Aerdenhout (/nl/) is a village in the municipality of Bloemendaal, Netherlands. Located in the dunes between Haarlem and the beach town of Zandvoort, it ranks as the wealthiest town in the Netherlands. The name "Aerdenhout" means Andere hout, Dutch for "the other wood", and was given it to distinguish this other wood from the Haarlemmerhout, just south of the city Haarlem.

==Commuter town==
Aerdenhout functions mostly as a suburb for wealthy commuters to Haarlem, Amsterdam, and other nearby cities. Residents of this village shop in nearby Heemstede, as Aerdenhout has virtually no shops.
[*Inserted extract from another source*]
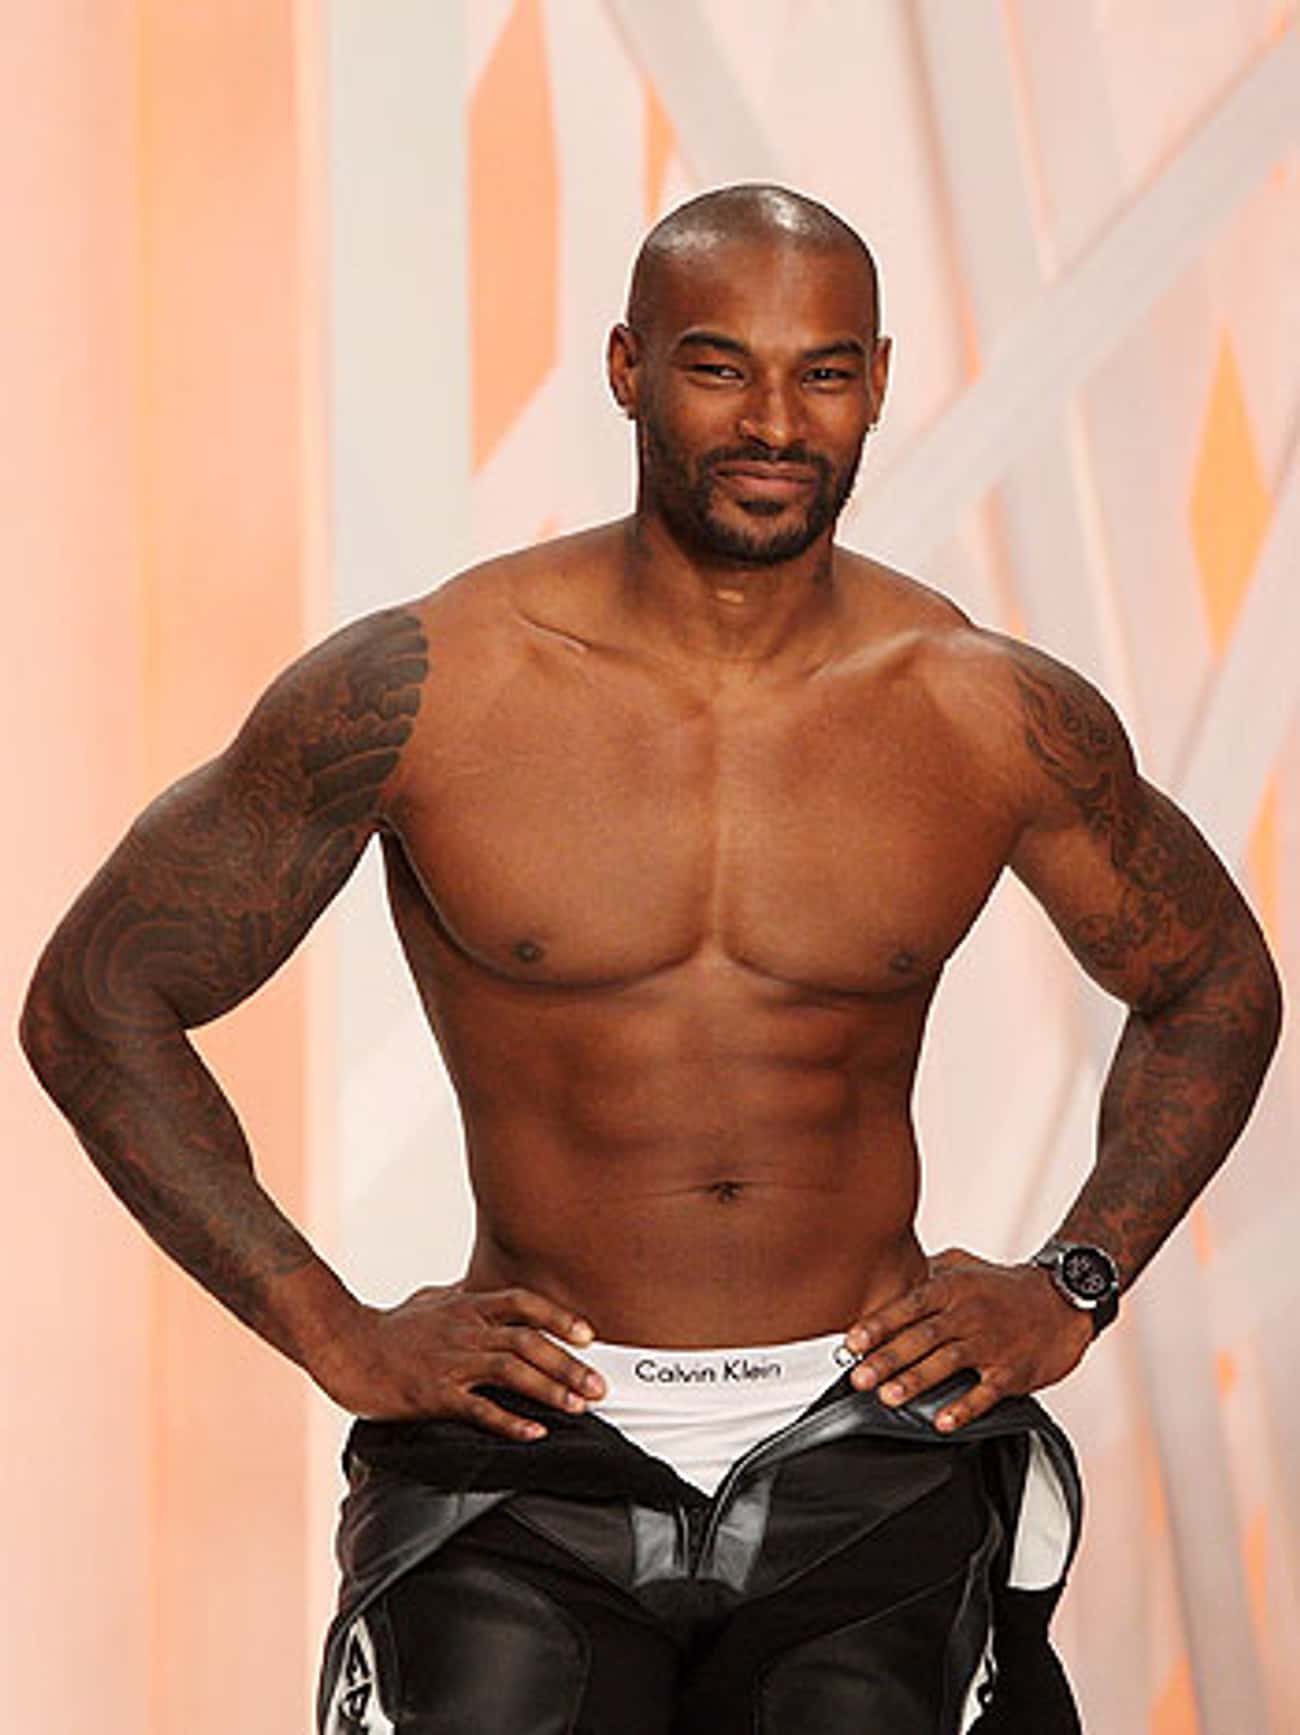 Tyson Beckford in Scuba Diver Outfit

The village Aerdenhout is dominated by many stately homes and villas, each with a unique style or architecture, and mostly built in the period 1920–1930. A much older building is the "Haringbuys", an old pub along the Zandvoorterweg. In old times fishermen from Zandvoort walked with their stocks through the dunes to the open market in Haarlem and they would take some rest and drink in the Haringbuys. Opposite this place is another old house situated: "Bosch en Landzigt". This is probably the oldest house in Aerdenhout. Actually, several people are living in this big building of which the cellars are several centuries old. There are still a few old trees in the garden. In the 20th century, mainly the families van Randwijck and Bierens de Haan were living in this historical house in Aerdenhout.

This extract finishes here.